→ Task item:
Leaving the pictures aside, transcribe the data below exactly.

→ Input data:
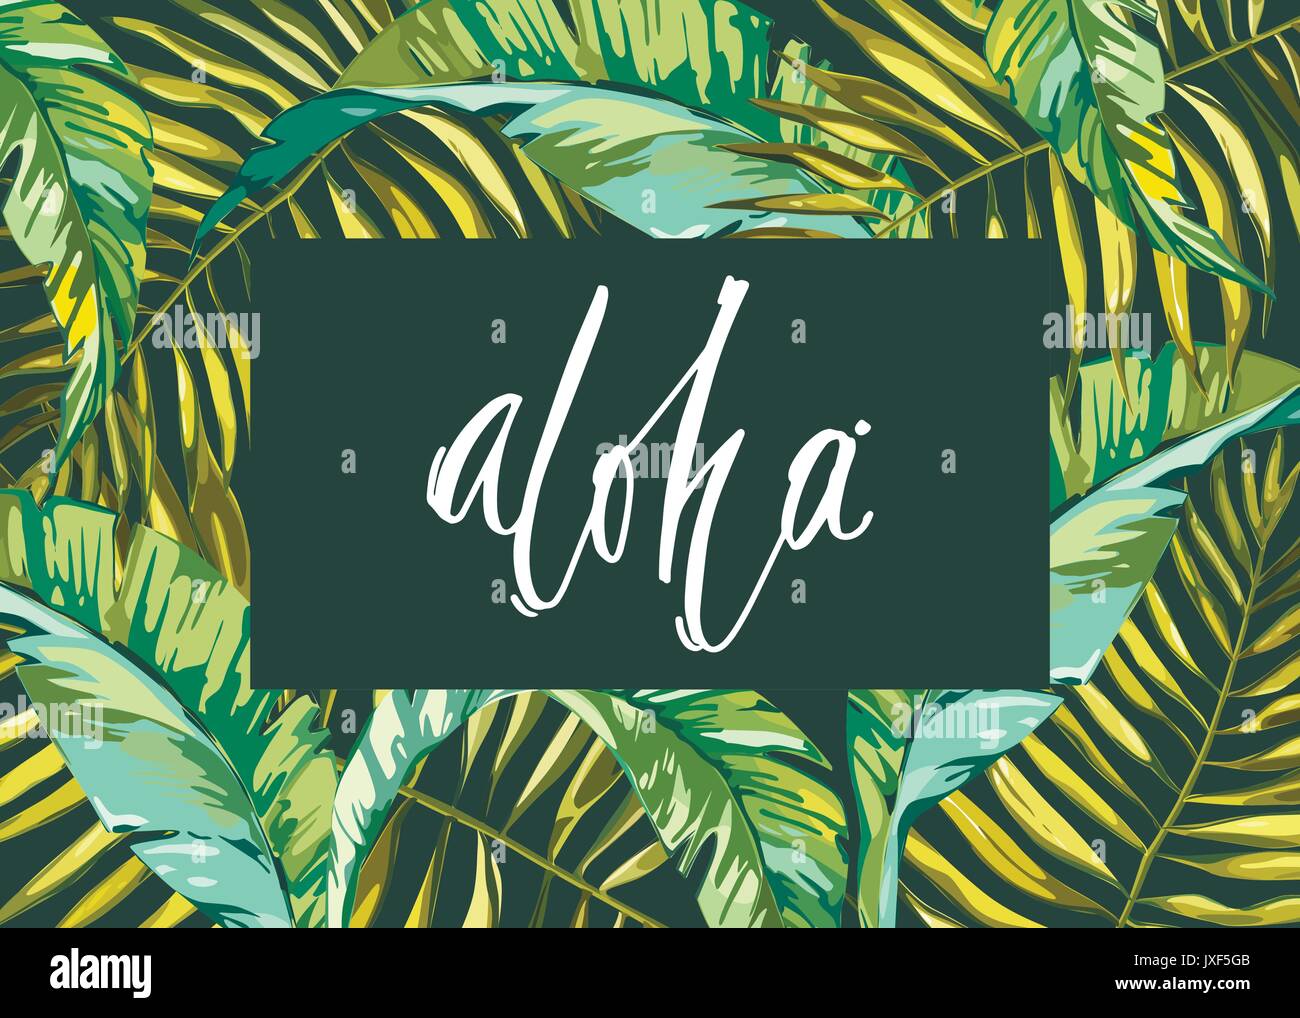 Tropical leafs composition background. Flat shapes hand drawn. Green on black with bird of plumeria flowers. Word- aloha. EPS 10 Stock Vector
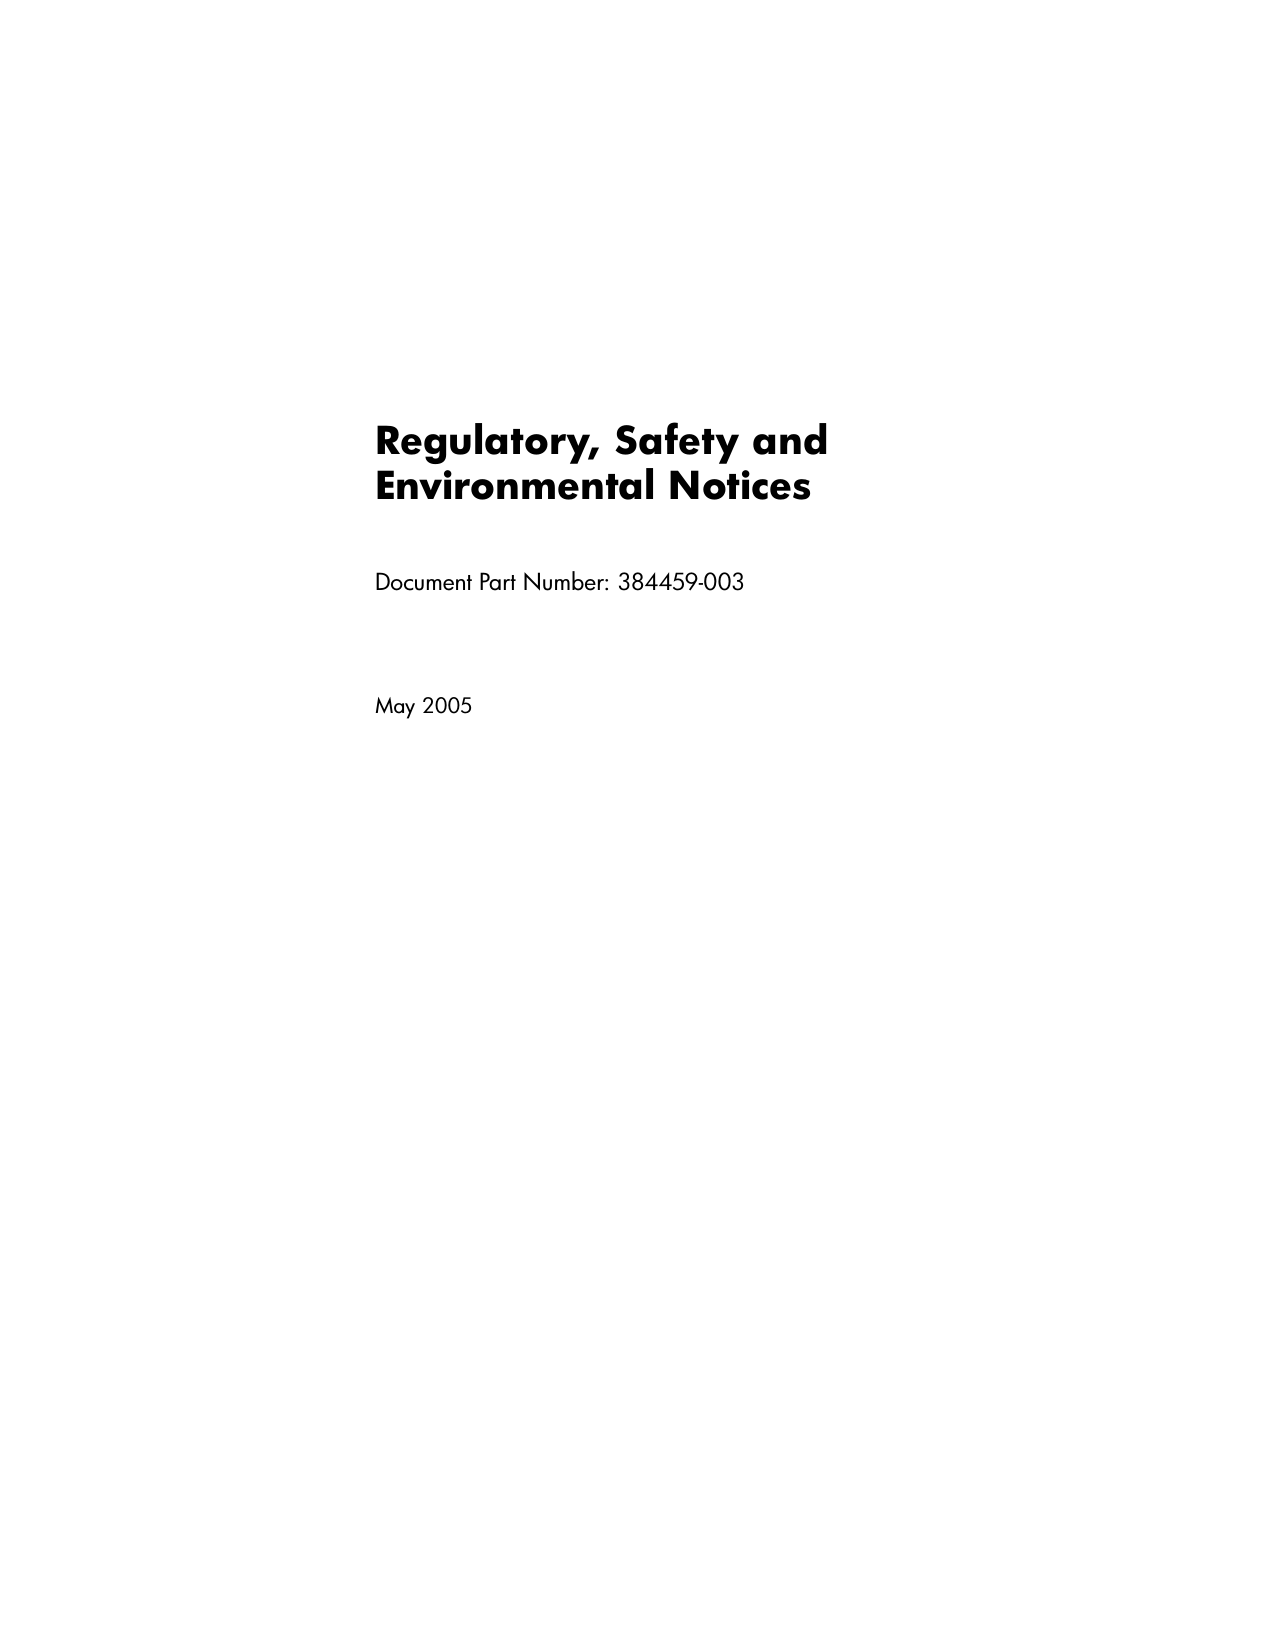 Regulatory, Safety and Environmental NoticesDocument Part Number: 384459-003May 2005
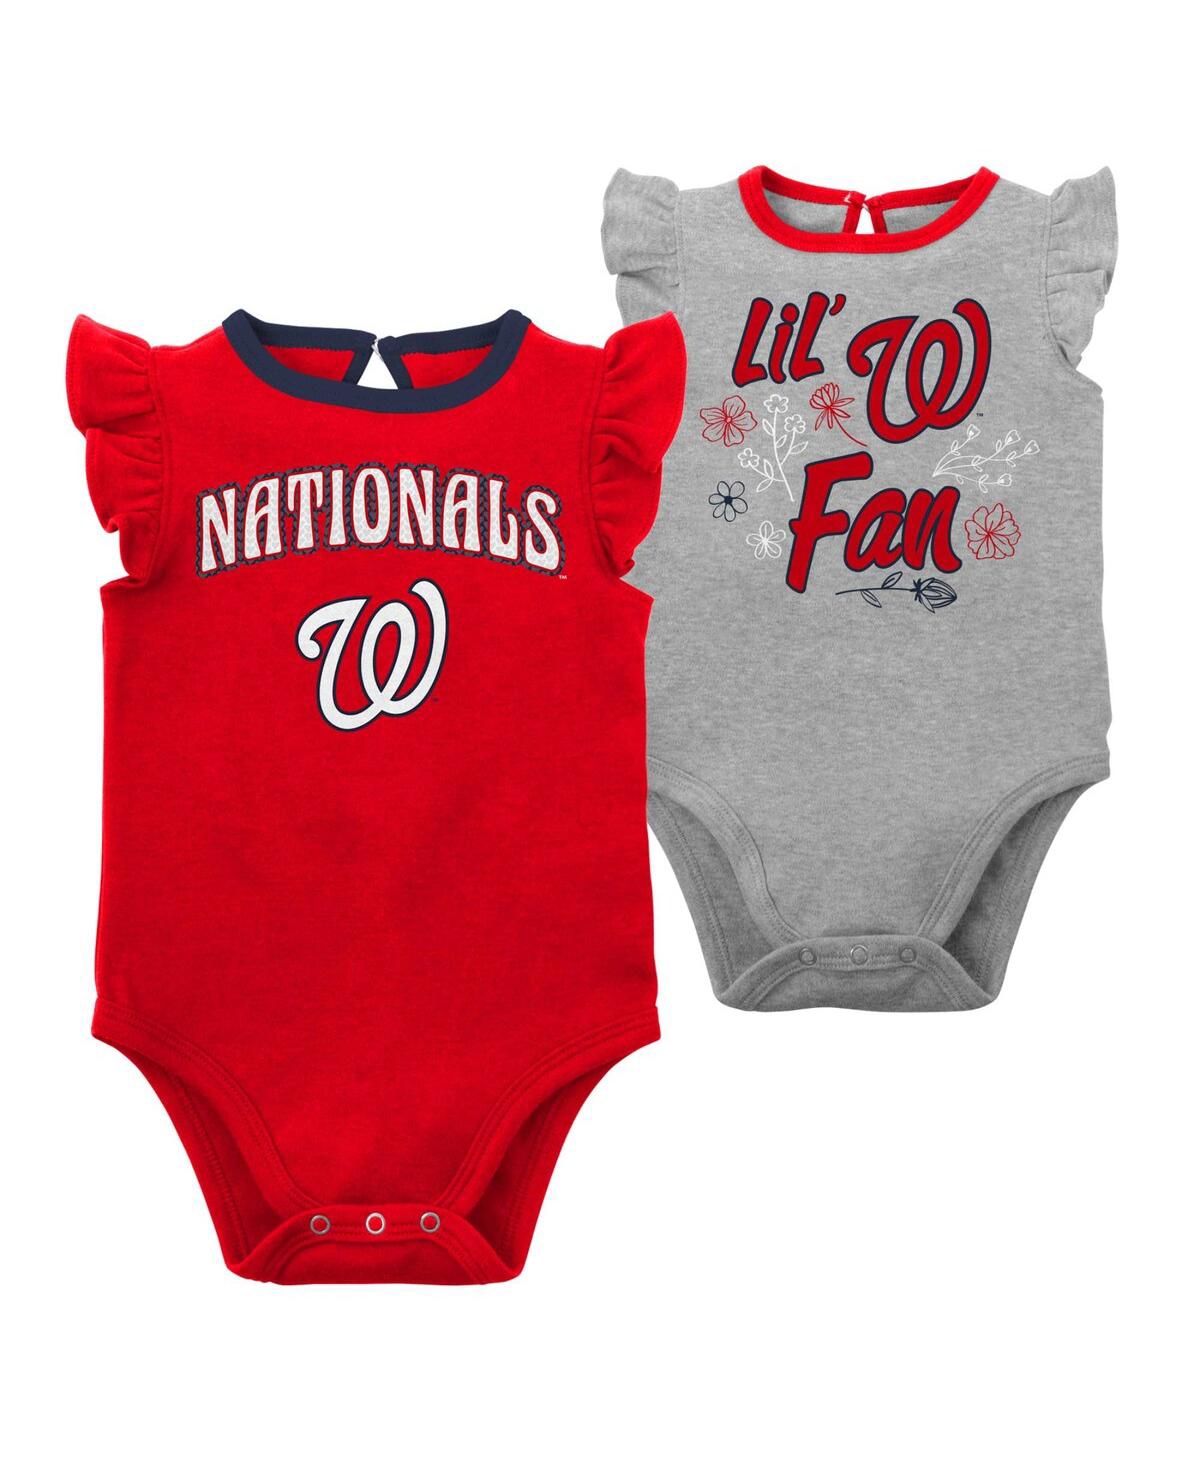 OUTERSTUFF NEWBORN AND INFANT BOYS AND GIRLS RED, HEATHER GRAY WASHINGTON NATIONALS LITTLE FAN TWO-PACK BODYSUI
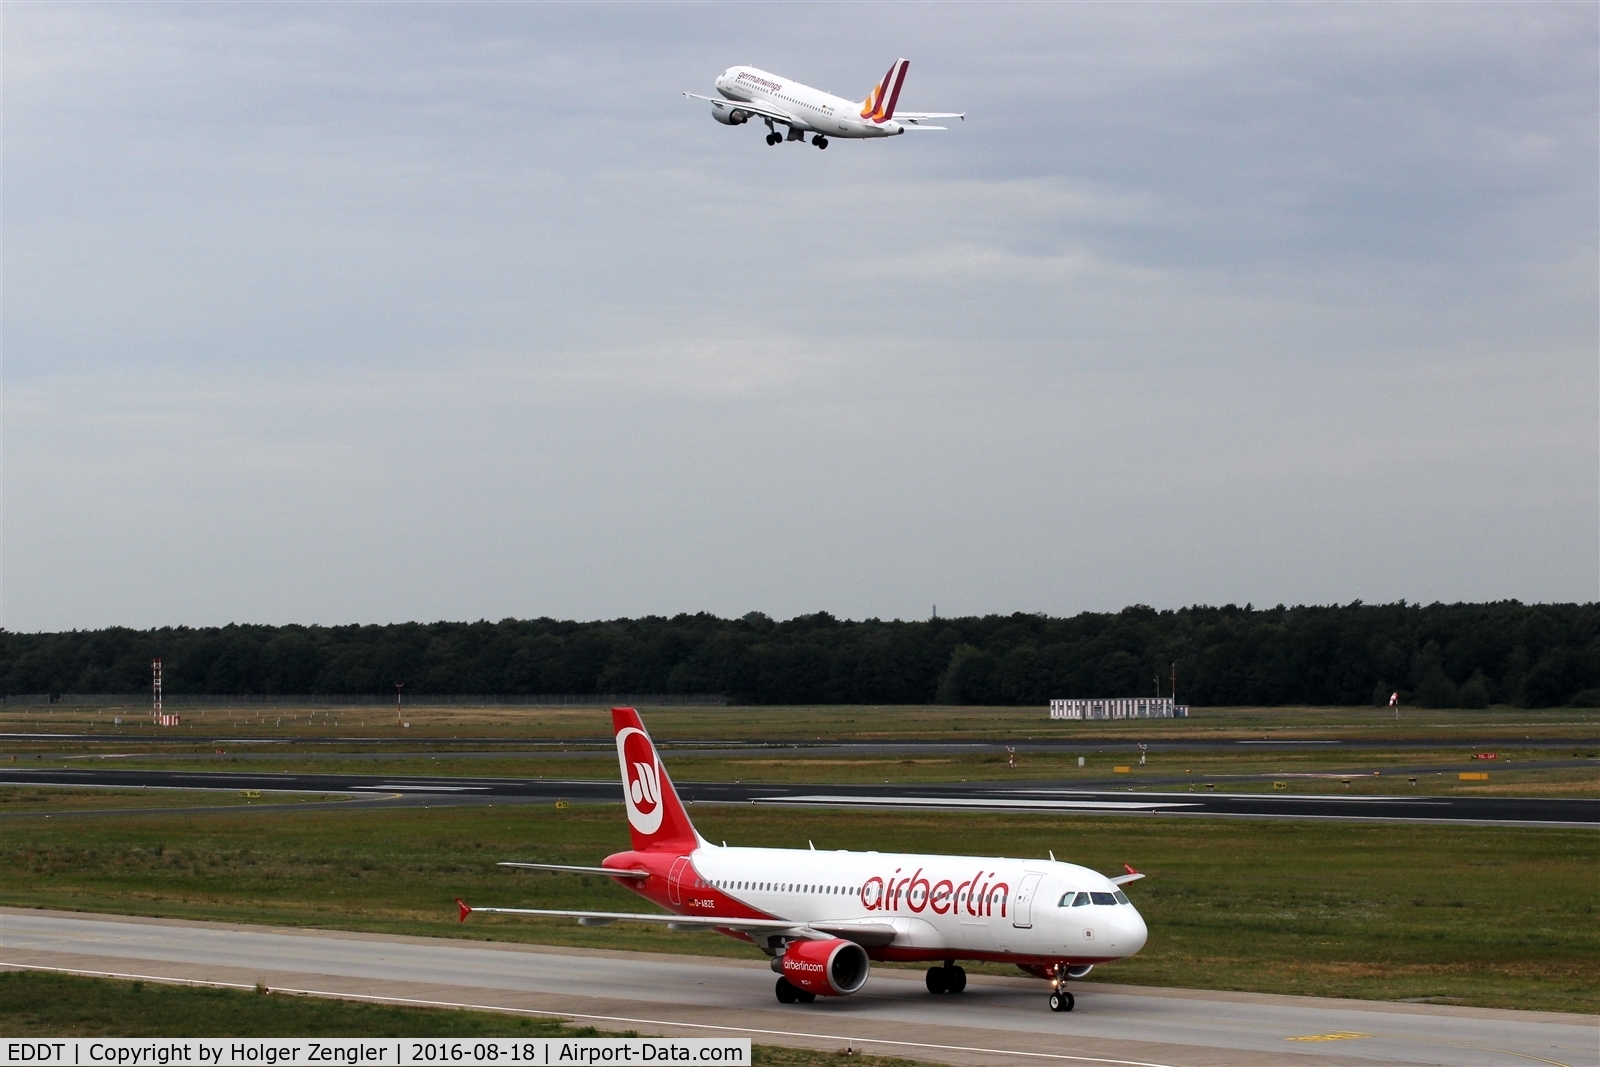 Tegel International Airport (closing in 2011), Berlin Germany (EDDT) - Coming and going unter a grey sky....
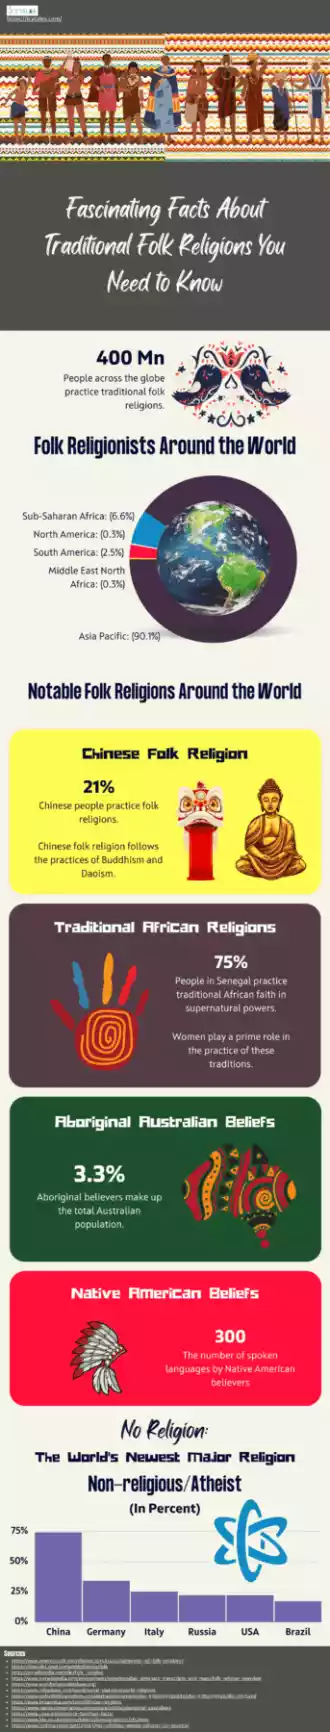 Fascinating Facts About Traditional Folk Religions You Need to Know
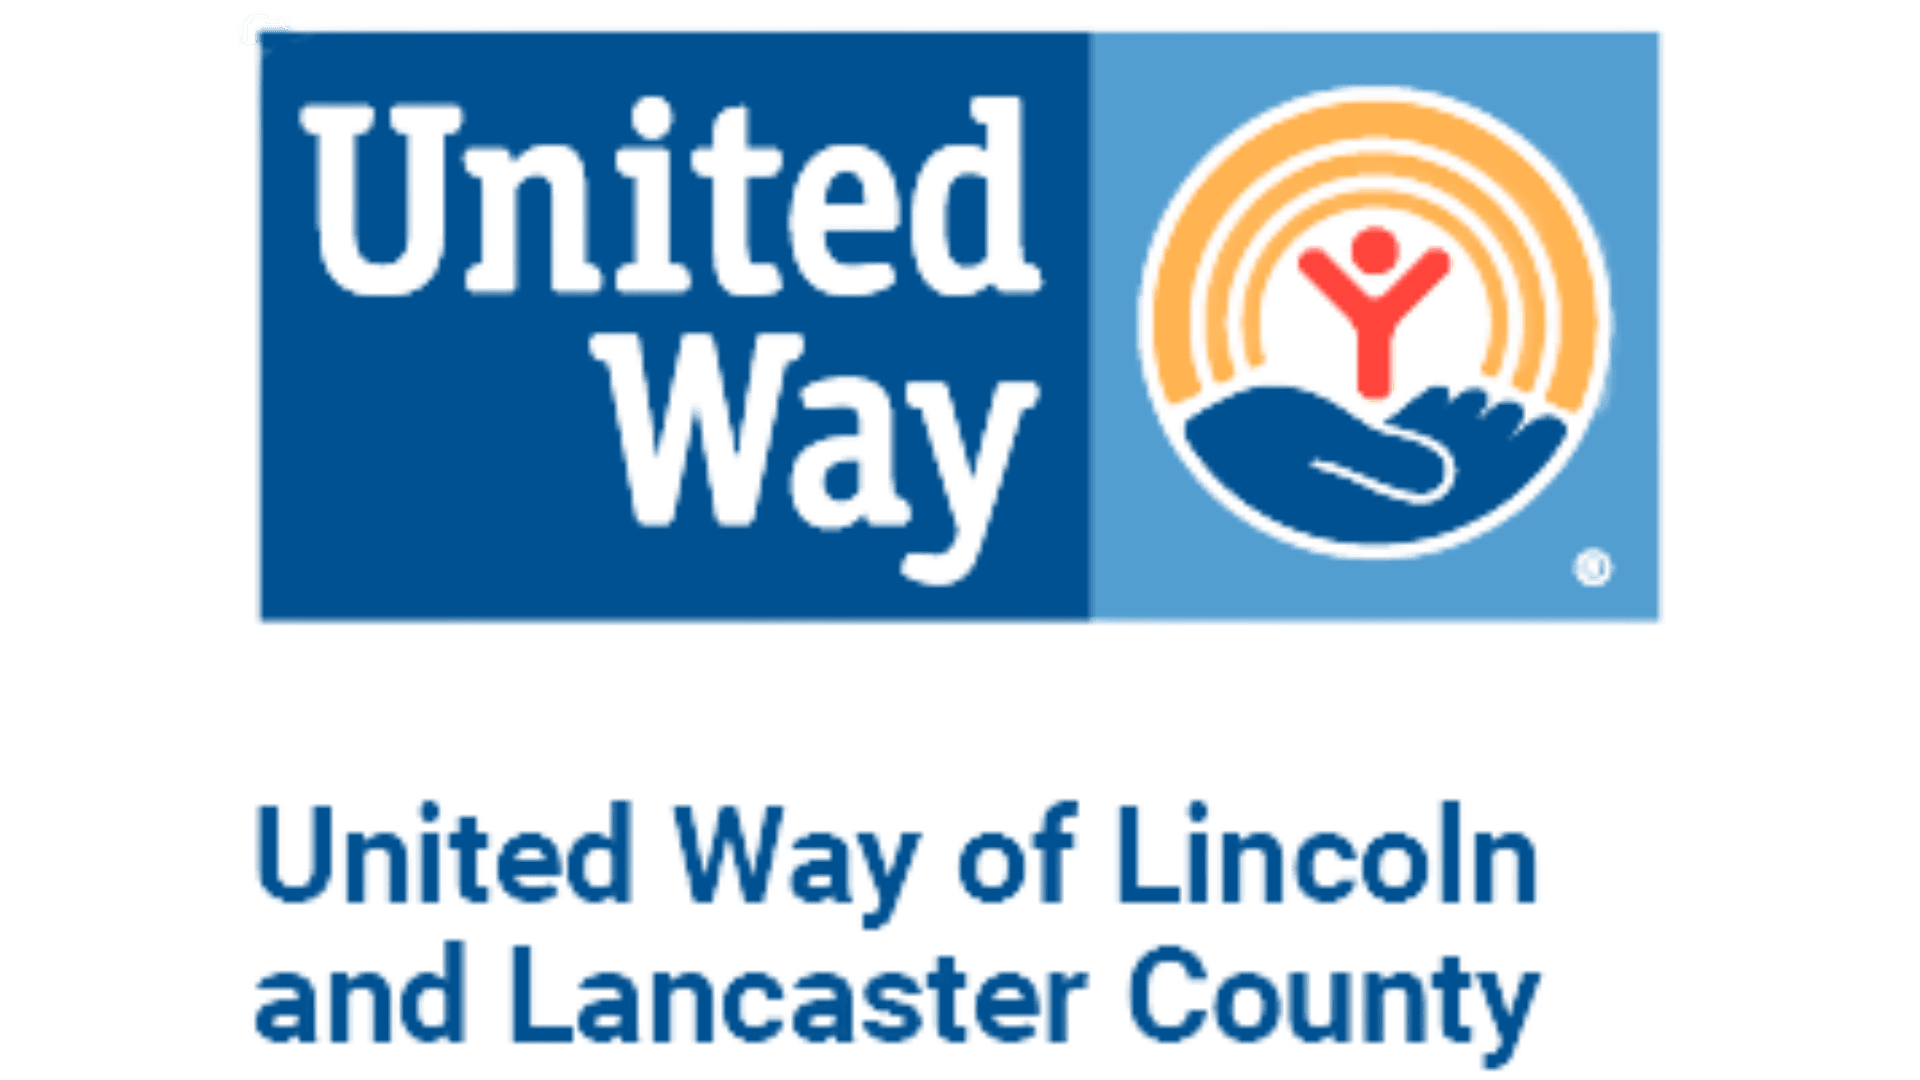 United Way of Lincoln & Lancaster County

→ Response for this exercise:
 Tropical leafs composition background. Flat shapes hand drawn. Green on black with bird of plumeria flowers. Word- aloha. EPS 10 Stock Vector
 Regulatory, Safety and Environmental NoticesDocument Part Number: 384459-003May 2005
 OUTERSTUFF NEWBORN AND INFANT BOYS AND GIRLS RED, HEATHER GRAY WASHINGTON NATIONALS LITTLE FAN TWO-PACK BODYSUI
 Tegel International Airport (closing in 2011), Berlin Germany (EDDT) - Coming and going unter a grey sky....
 Fascinating Facts About Traditional Folk Religions You Need to Know
 United Way of Lincoln & Lancaster County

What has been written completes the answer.